Während aus Programmierersicht Seite „Debugging“ zum Entwickleralltag gehört, legen Redakteure im Publikationsprozess Wert auf Qualitätssicherung. Dementsprechend werden Fehler als unterschiedlich gravierend empfunden. Dies kann zu Reibungen führen, wenn beide Sichtweisen bei der Anpassung eines Contentmanagementsystems aufeinander treffen. Wie dieses Beispiel zeigt, ist der persönliche und soziale Kontext im Entwicklungsverlauf nicht zu unterschätzen. Gleichzeitig spielt der Kontext der Nutzer eine Rolle und sollte in die Analyse einbezogen werden. Als eigenständige Akteure finden Lösungen und beschreiten Wege, die im Informationsdesign gar nicht vorgesehen sind. Andere Funktionalitäten werden dagegen völlig ignoriert. Wichtig für die Gestaltung ist es zu verstehen, dass das Interesse der Adressaten nicht in der Nutzung des Informationsangebots liegt, sondern in der Verfolgung eigener Ziele – zum Beispiel die Selbstdarstellung in einer renommierten Plattform, die Teilhabe an einem Netzwerk, aber auch der schlichte Abruf einer Information zur Lösung eines technischen Problems oder der Download eines Textes zur weiteren Bearbeitung im jeweiligen persönlichen Kontext.

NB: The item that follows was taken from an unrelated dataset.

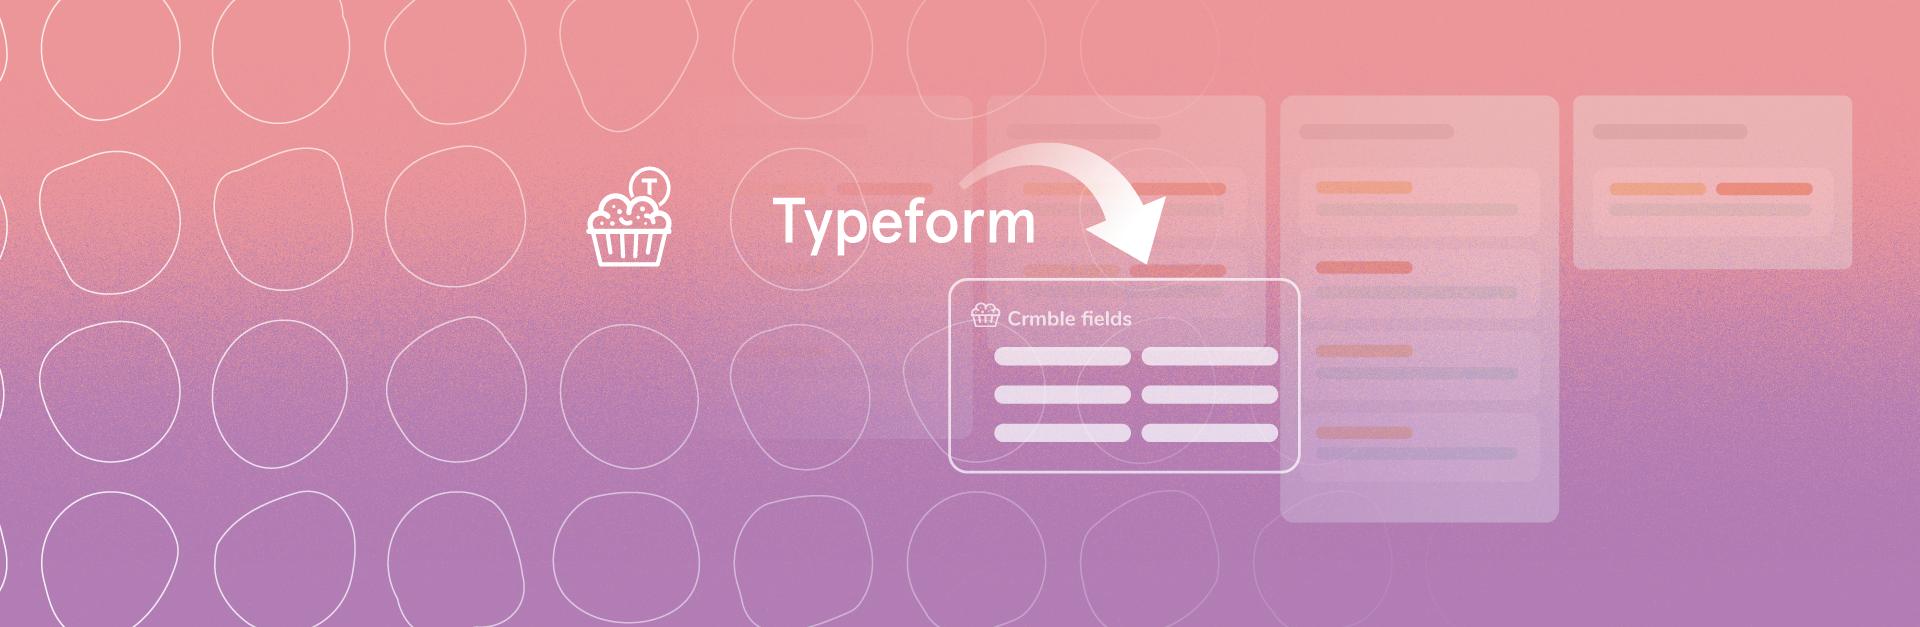 Typeform integration hero image

Dies kann auf Seiten der Anbieter Frustration und Unverständnis hervorrufen.

Aushandlungsprozesse, Konfliktlinien und das Rollenverständnis der Akteure bestimmen den Designkontext eines Bildungsportals.

Zusammenfassend liefert die Tätigkeitstheorie ein umfassendes Vokabular um Designprozesse adäquat und strukturiert zu beschreiben. Mit der Activity Theory Checklist liegt zudem ein exemplarisches Werkzeug vor, um die theoretischen Grundlagen in konkrete Forschungsfragen zu transformieren.

Um Portale zu implementieren, sind einige essentielle und zum Teil interdependente Vorgehensschritte zu berücksichtigen. In den nachfolgenden Erhebungen sollen diese erläutert und in eine logische Reihenfolge gebracht werden, um so das Vorgehen bei der Durchführung eines Portalprojekts zu systematisieren. Im Vokabular der Aktivitätstheorie ist jedwede Handlung zu analysieren als Tätigkeit, bei der ein Subjekt mediiert durch Werkzeuge auf ein Objekt einwirkt, mit dem Ziel, dieses zu verändern. Um den Portalgenesepfad nachzuzeichnen, werden insbesondere Akteure (Subjekt), Artefakte (Mediation), Ziele (Objekt) und Transformation (Veränderung) untersucht.

• Akteure: Arbeitsteilung, Konflikte, Hierarchien, soziale Regeln vs. technische

Affordanzen, implizite oder explizite Normen, persönliche Leitbilder (Nutzerbeteiligung, Expertenwissen).

• Artefakte: Konstruktion (Mindmaps, Skizzen, Prototypen), Implementierung technisch (Contentmanagementsysteme), Implementierung redaktionell (Textsorten),

Projektsteuerung (Dokumente zur Planung, Dokumentation), Kommunikationskanäle und -medien.

• Ziele: „versteckte“ Konstruktionspläne, Zielgruppenorientierung, Stellenwert

verschiedener Handlungsfelder wie Design (intern oder extern bestimmt?), Technik (Technikbild: Experimentierfeld, notwendiges Übel, Werkzeug, Barriere), Redaktion (Gewichtung Inhalte und redaktionelle Qualität).

• Transformation: Phasen der Entwicklung, Wandel und Dynamik, Rational der Veränderung (Evaluationsdaten, Qualitätssicherung).

Diese Dimensionen formen den heuristischen Rahmen, der aus der Reflexion sozio-technischer und kulturtheoretischer Positionen abgeleitet ist und auf die Analyse des empirischen Materials angewendet wird.